Judge orders that two Pakistanis get visas to testify for man convicted on terrorism charges

A federal judge has ordered that two men from Pakistan be given visas to testify as alibi witnesses in an ineffective counsel case brought by a Lodi man convicted of providing material support to terrorists.

Judge orders that two Pakistanis get visas to testify for man convicted on terrorism charges
U.S. Magistrate Judge Deborah Barnes tells government to allow visas for two Pakistanis the defense says will give evidence to help prove their client did not give material support to terrorists.

SACRAMENTO — A federal judge has ordered that two men from Pakistan be given visas to testify as alibi witnesses in an ineffective counsel case brought by a Lodi man convicted of providing material support to terrorists.

Hamid Hayat was charged with being part of an alleged terrorist sleeper cell and sentenced to 24 years in prison in 2006. The government’s case was based partly on the testimony of a paid FBI informant and a confession by Hayat that defense attorneys argue occurred under duress. U.S. v. Hayat, 2013 DJDAR 3192.

The order by U.S. Magistrate Judge Deborah L. Barnes, published earlier this week, “requests the government take all reasonable measures” to allow the two men to testify at evidentiary hearings scheduled between Oct. 23 and Nov. 9.

The witnesses are Muhammad Anas and a man who goes by the name Rifaqat. Their testimony can be used to back up claims “that counsel failed to investigate and procure Pakistani alibi witnesses,” Barnes wrote in her order.

The two men have given statements that contradict government claims that Hayat was at a terrorist training camp for almost two years between 2003 and 2005. Anas said Hayat spent much of that period in Rawalpindi, Pakistan, the defense contends. Rifaqat is expected to testify that he saw Hayat repeatedly in another Pakistani town when he wasn’t in Rawalpindi.

The order is the latest in a string of recent victories by Hayat’s attorneys.

If Barnes rules that Hayat received ineffective counsel, she will recommend to U.S. District Court Garland E. Burrell Jr. that he order a new trial.

Federal prosecutors have fought repeatedly to keep witnesses and evidence out of the trial, said one of Hayat’s attorneys, Dennis P. Riordan, an appellate specialist with Riordan & Horgan in San Francisco.

“What’s becoming obvious from their attempts to prevent a hearing in any form from occurring ... is that the government is doing everything possible to prevent the truth coming out about what happened at [the] Hamid Hayat trials,” Riordan said.

A spokesperson with the U.S. attorney’s office for the Eastern District declined to comment on the matter because litigation is pending.

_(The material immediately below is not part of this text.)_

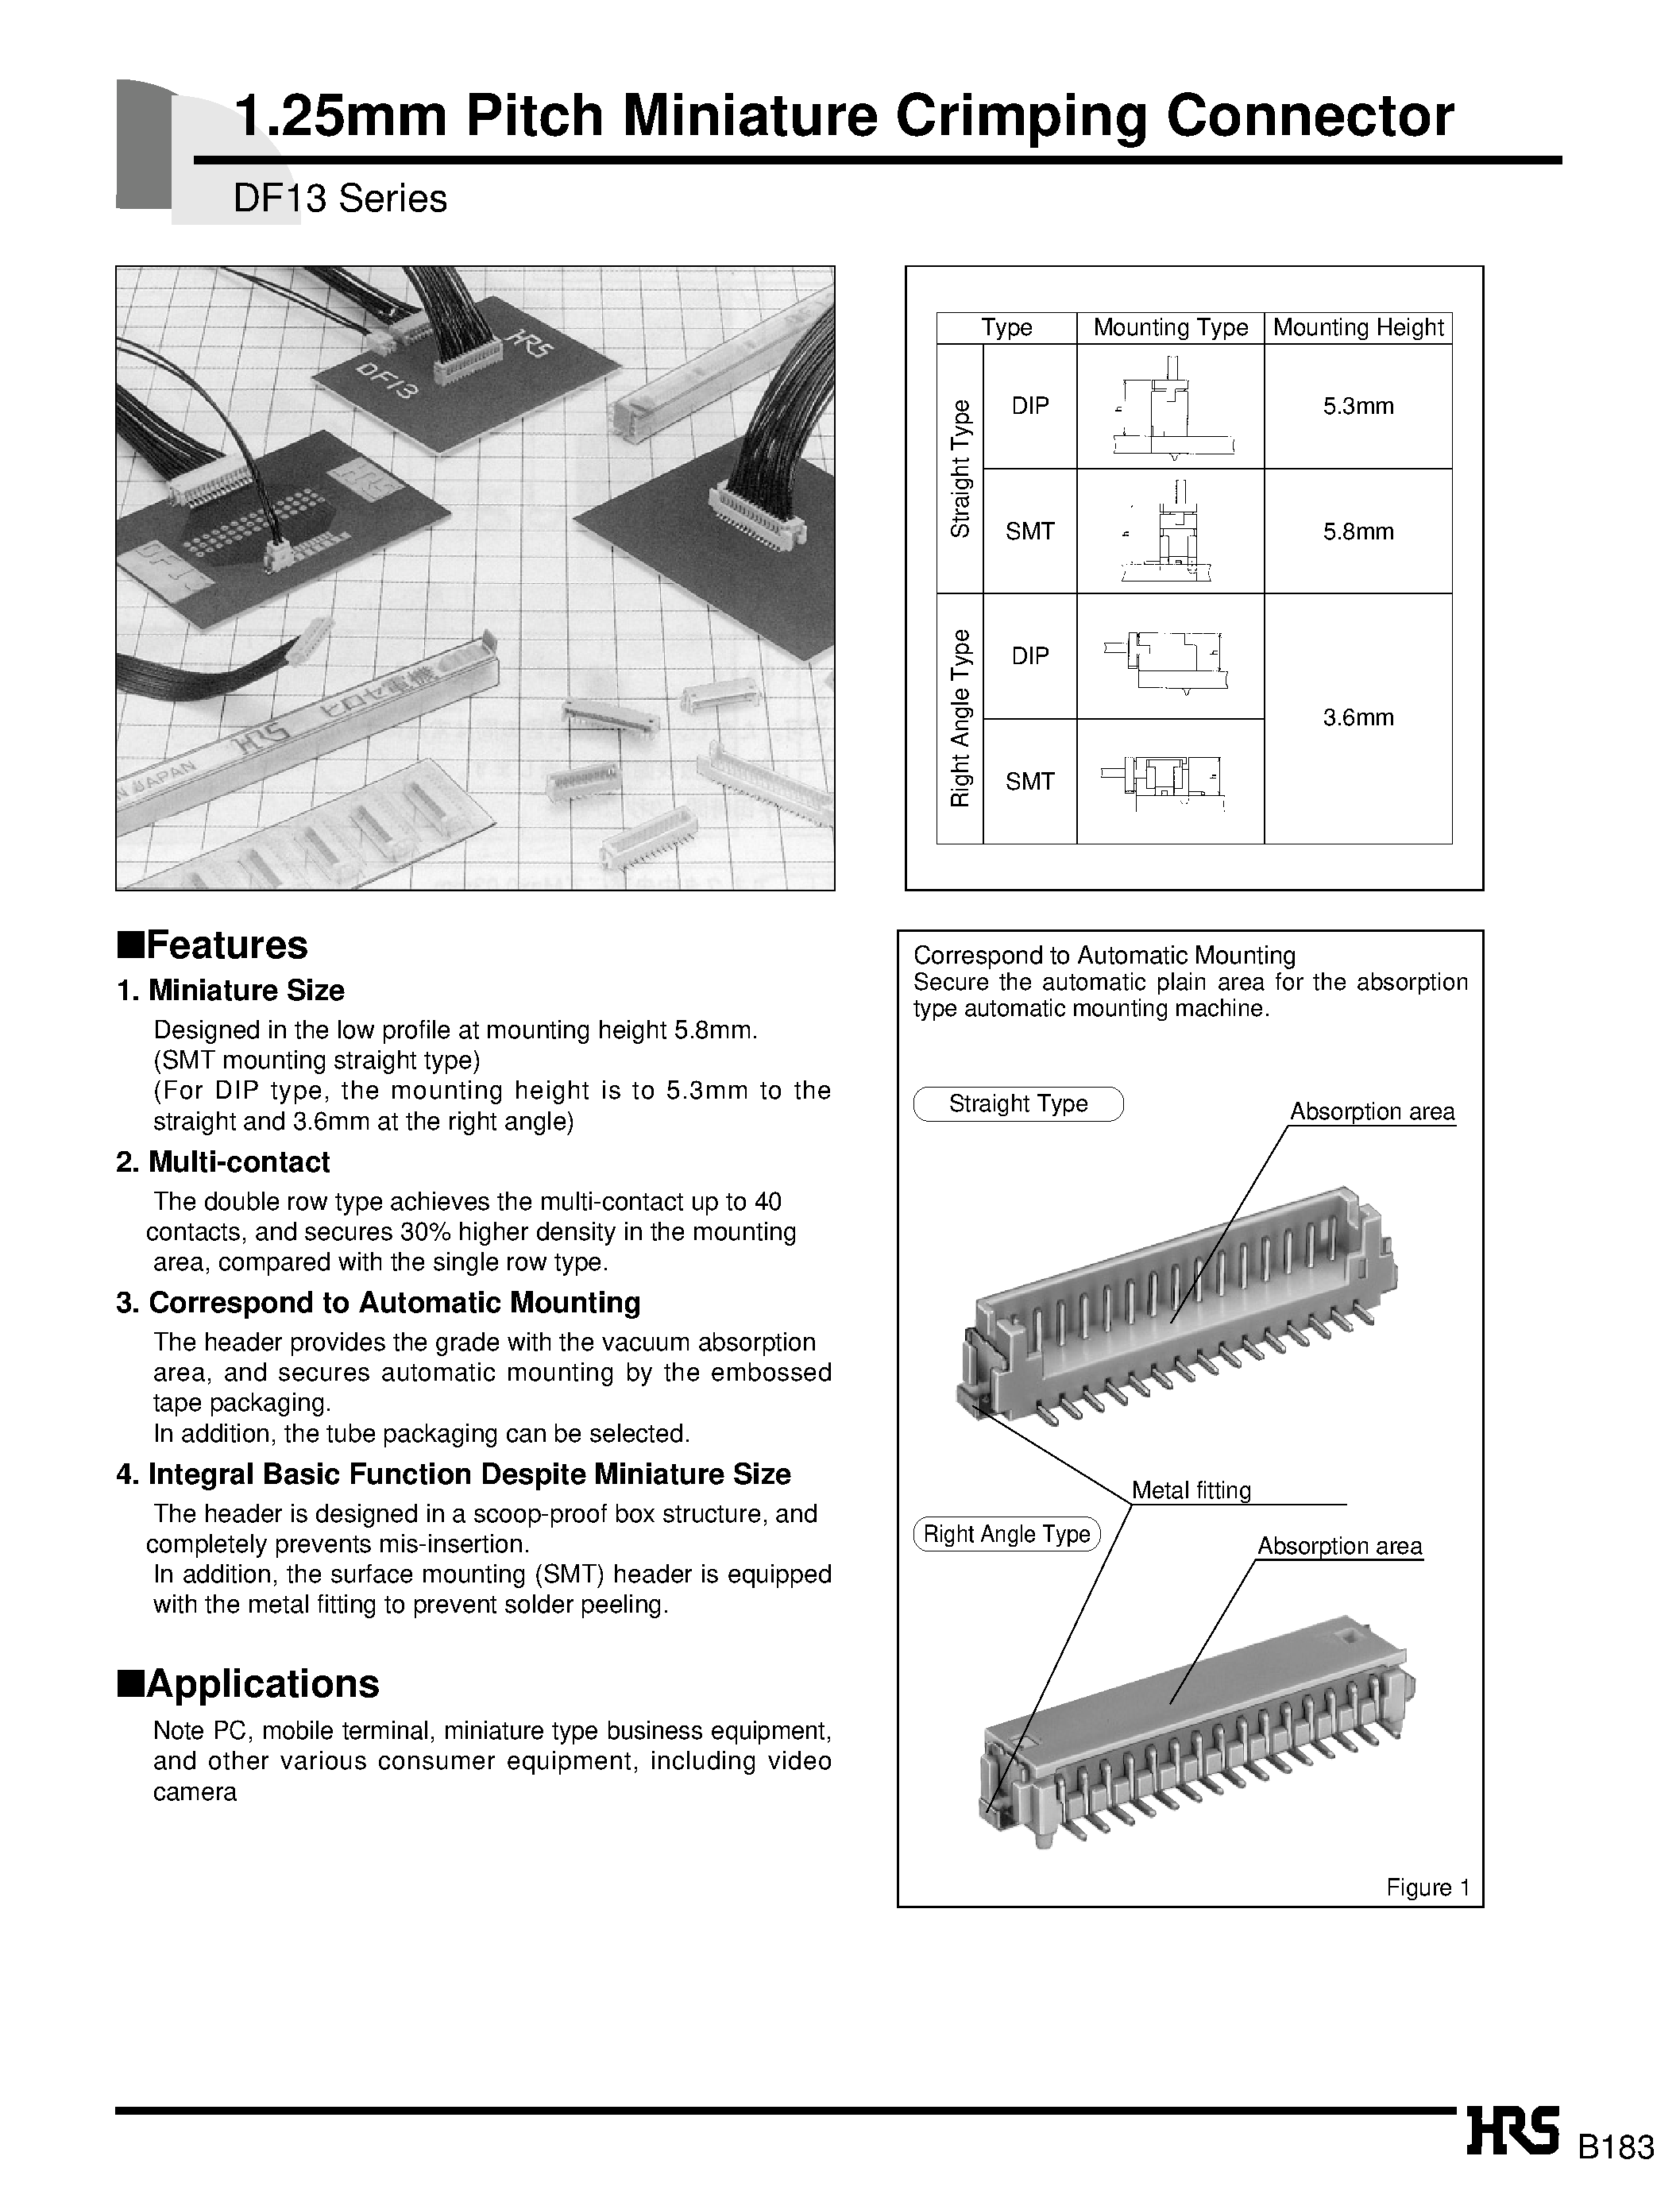 Datasheet DF13-10DP-1.25DS - 1.25mm Pitch Miniature Crimping Connector page 1

In 2005, Hayat, then 22, was questioned and then arrested by the FBI after returning from Pakistan. At trial, government attorneys cited statements Hayat had made sympathetic to Islamic terrorists and praising the murder of journalist Daniel Pearl. The main witness against Hayat was an informant who had been paid more than $200,000 by the FBI, the defense has argued.

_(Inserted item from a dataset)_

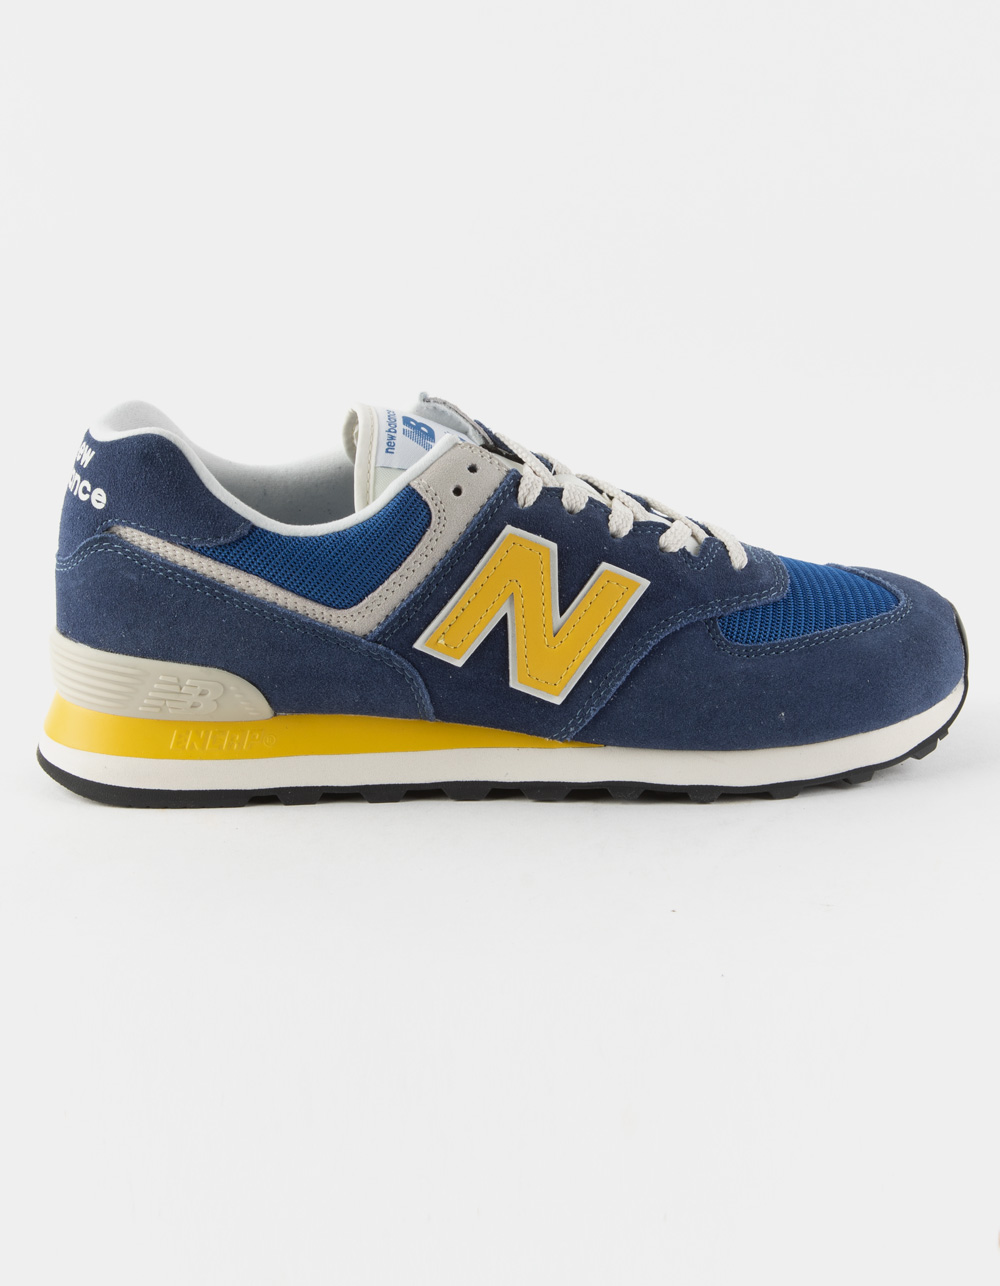 NEW BALANCE 574 Mens Shoes - NAVY/YELLOW | Tillys

Hayat’s conviction was upheld by the 9th U.S. Circuit Court of Appeals in 2013. In her majority opinion, Judge Marsha S. Berzon rejected numerous issues raised on appeal, some on technical grounds. Berzon also said the case was not prejudiced by an allegedly anti-Muslim juror.

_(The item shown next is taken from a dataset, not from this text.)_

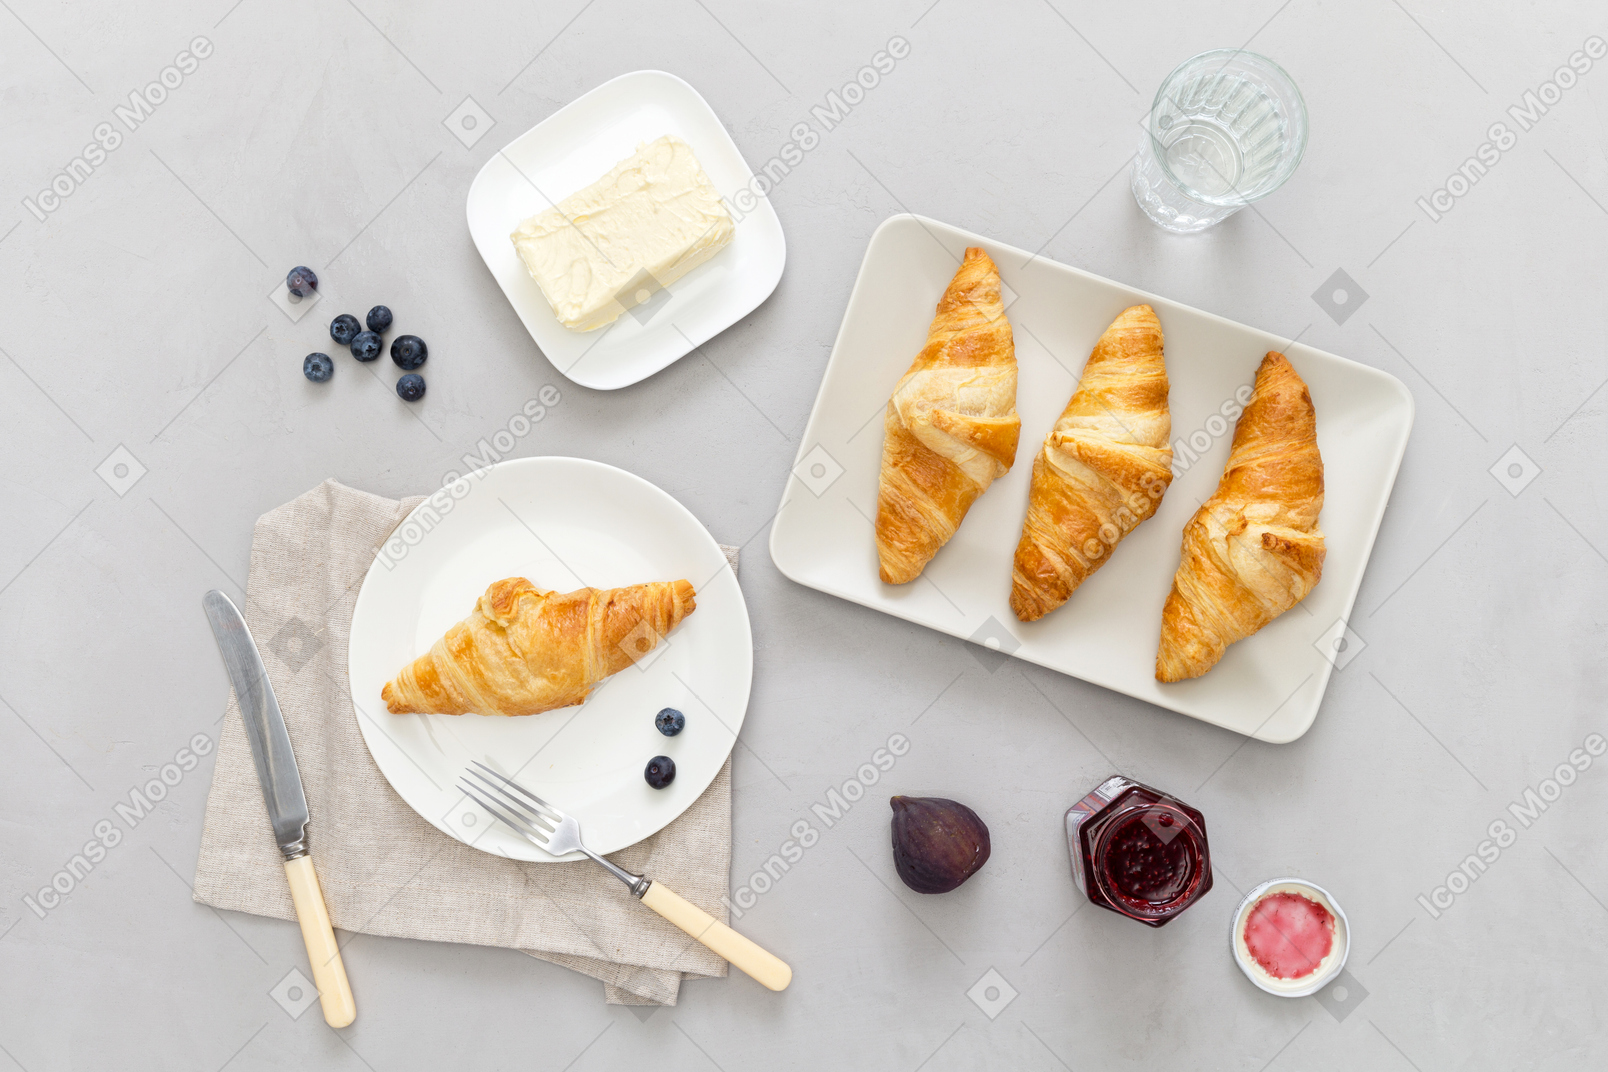 Some croissants, butter and jam

Senior Judge A. Wallace Tashima dissented, claiming the government engaged in “anticipatory prosecution” based on vague and “inflammatory” evidence.

Stanford Law School professors Shirin Sinnar and Robert Weisberg criticized Hayat’s conviction in a 2014 op-ed published in the San Jose Mercury News.

“A new habeas petition makes a compelling case that Hayat was convicted because an overzealous prosecution sought a conviction at all costs, and an inexperienced defense lawyer failed to marshal the evidence to acquit him,” they wrote.

Reached this week, both Sinnar and Weisberg called Barnes’ most recent order a “significant” win for Hayat’s attorneys.

“The judge’s decision to grant an evidentiary hearing on the habeas claim was itself a milestone,” Sinnar said.

Hayat’s defense attorney, Wazhma A. Mojaddidi of Mojaddidi Law APC in Sacramento, had been a lawyer for just over two years at the time of the trial. According to briefs filed by Hayat’s team, her inexperience was a crucial factor in the conviction.

By contrast, Hayat’s current legal team is led by renowned appellate litigators. Riordan & Horgan is known for its work in numerous high-profile cases. Rirodan has won cases that overturned murder convictions of former Black Panther John Spain and “Billionaire Boys Club” defendant Arben Dosti.

In August, Barnes signed an order allowing Martha Boersch to join Hayat’s legal team. The partner with Boersch Shapiro LLP in Oakland is a former federal prosecutor who has worked several cases with Riordan & Horgan.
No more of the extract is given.